World Bank approves USD 1.5 billion for India’s green energy transition

Representative image. (Photo Credit: Unsplash)

The World Bank has made a significant commitment to accelerating India’s transition to low-carbon energy sources by approving USD 1.5 billion in funding for a second initiative. This substantial financial support underscores the urgency and importance of addressing climate change while promoting sustainable economic growth in rapidly developing nations.

This initiative is part of a broader global effort to combat climate change and align with the objectives set forth in the Paris Agreement. As countries worldwide strive to meet their commitments to reduce greenhouse gas emissions and shift towards cleaner energy sources, India’s progress in this area is particularly crucial given its size, population, and growing energy needs.

The World Bank’s funding will be strategically allocated to three primary areas of focus:

1. Green Hydrogen Development: A significant portion of the funds will be directed towards fostering a robust market for green hydrogen. This clean fuel, produced using renewable energy sources, has immense potential to revolutionise various sectors, including transportation and industrial processes. By investing in green hydrogen infrastructure and technology, India can position itself at the forefront of this emerging field.

2. Expansion of Renewable Energy: Building upon existing efforts, the funding will support the continued scaling up of renewable energy sources, with a particular emphasis on solar and wind power. This expansion is critical for reducing India’s dependence on fossil fuels and decreasing its carbon footprint.

3. Stimulating Private Sector Investment: Recognising the importance of private sector participation in driving the low-carbon transition, the World Bank’s funding will aim to catalyse additional investment in low-carbon energy projects. This approach can help leverage public funds to attract significantly more private capital, accelerating the pace of change.

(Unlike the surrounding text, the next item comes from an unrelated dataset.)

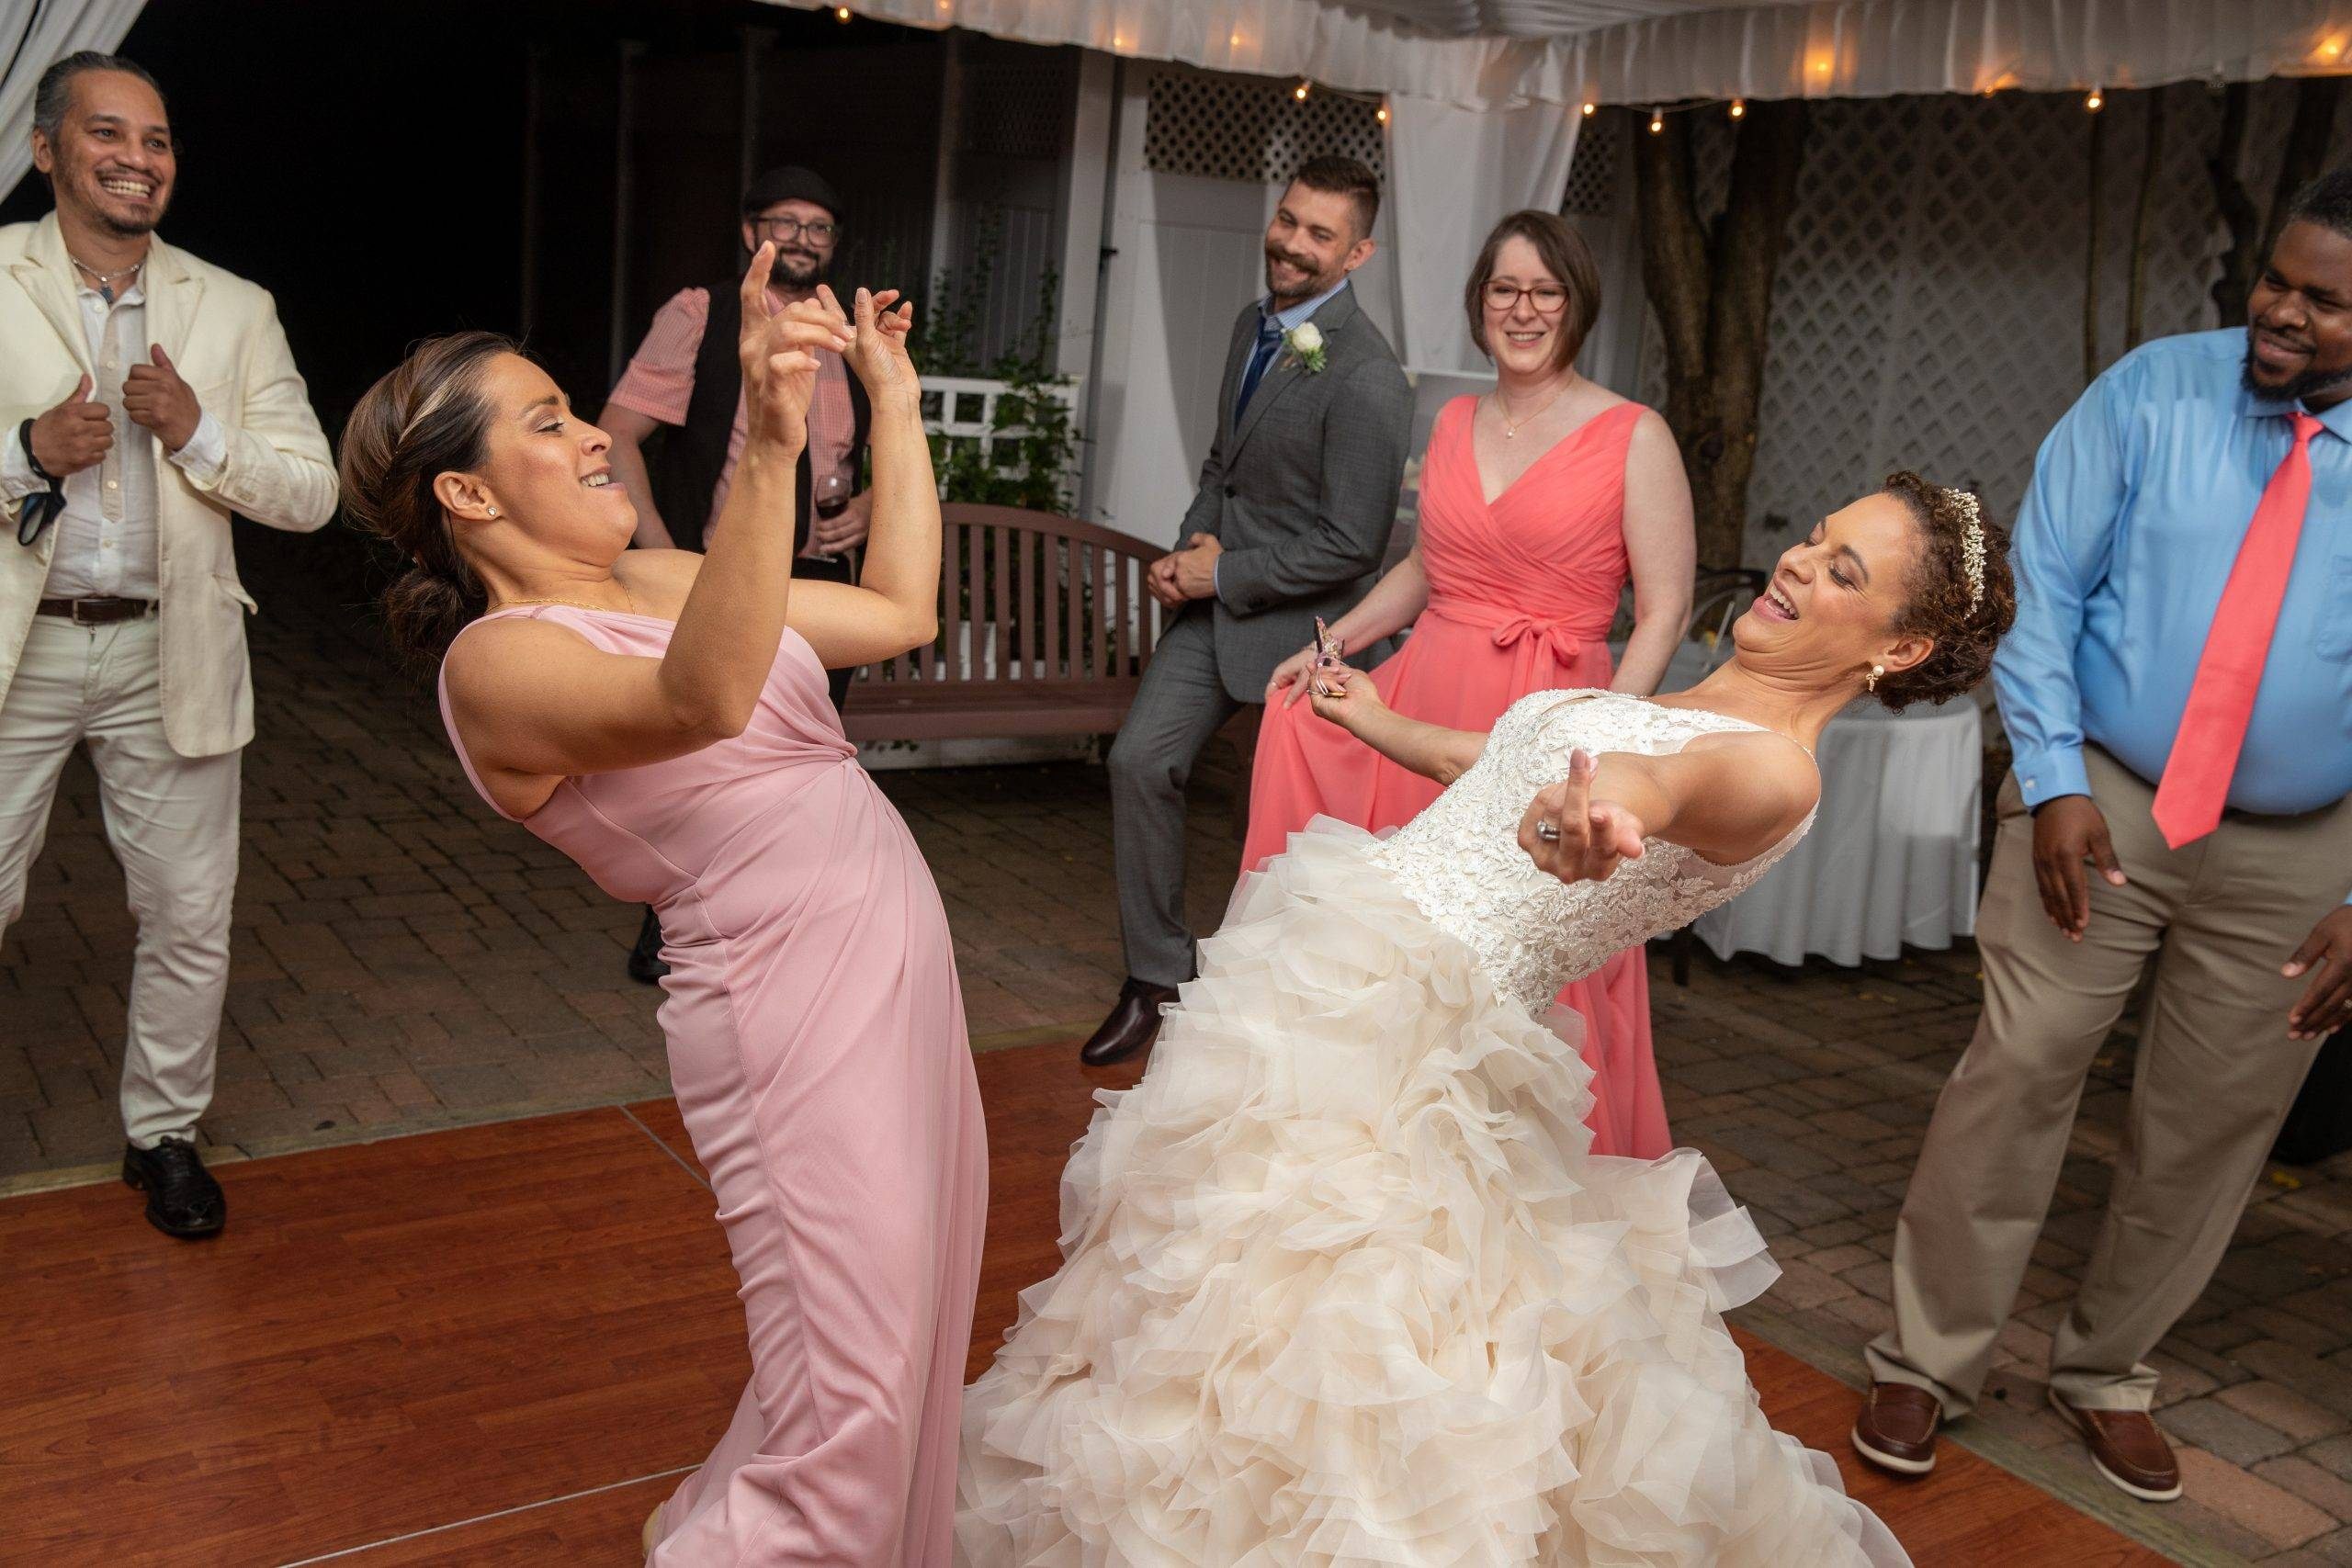 Olde Mill Inn bride dancing with bridesmaid

This latest funding initiative is the second in a series of two similar-sized operations. The first, known as the Second Low-Carbon Energy Programmatic Development Policy Operation, laid the groundwork for this follow-up effort.

To provide context, it’s worth noting that the World Bank approved the initial USD 1.5 billion First Low-Carbon Energy Programmatic Development Policy Operation in June 2023. This earlier operation supported several key initiatives:

1. It waived transmission charges for renewable energy in green hydrogen projects, enhancing their economic viability and attractiveness to investors.

2. It established a clear roadmap for launching 50 GW of renewable energy tenders annually, providing a stable and predictable pipeline for renewable energy projects.

3. It created a legal framework for a national carbon credit market, which can incentivise emissions reductions across various sectors of the Indian economy.

The reforms supported by this latest operation are expected to yield significant and measurable outcomes:

1. From the fiscal year 2025-2026 onwards, it is projected that at least 450,000 metric tons of green hydrogen will be produced annually.

2. Starting in the same fiscal year, there are plans to install 1,500 MW of electrolysers annually, which are crucial for green hydrogen production.

3. A substantial increase in renewable energy capacity is anticipated, though specific targets are not mentioned in the given information.

4. The initiative aims to support emissions reductions of 50 million tons per year, a significant contribution to India’s climate goals.

Moreover, this operation will bolster efforts to expand India’s carbon credit market. This market-based mechanism can provide financial incentives for reducing emissions across various sectors of the Indian economy, from industry to agriculture. By creating a robust carbon trading system, India can align economic incentives with environmental goals, potentially accelerating the transition to a low-carbon economy.

This USD 1.5 billion funding approval by the World Bank represents a substantial and strategic investment in India’s low-carbon future. By focusing on key areas such as green hydrogen, renewable energy expansion, and private sector engagement, this initiative has the potential to significantly accelerate India’s transition to cleaner energy sources.

The expected outcomes, including increased green hydrogen production, expanded renewable energy capacity, and substantial emissions reductions, underscore the transformative potential of this funding. As India continues to grow and develop, such initiatives will be crucial in ensuring that this growth is sustainable and aligned with global climate objectives.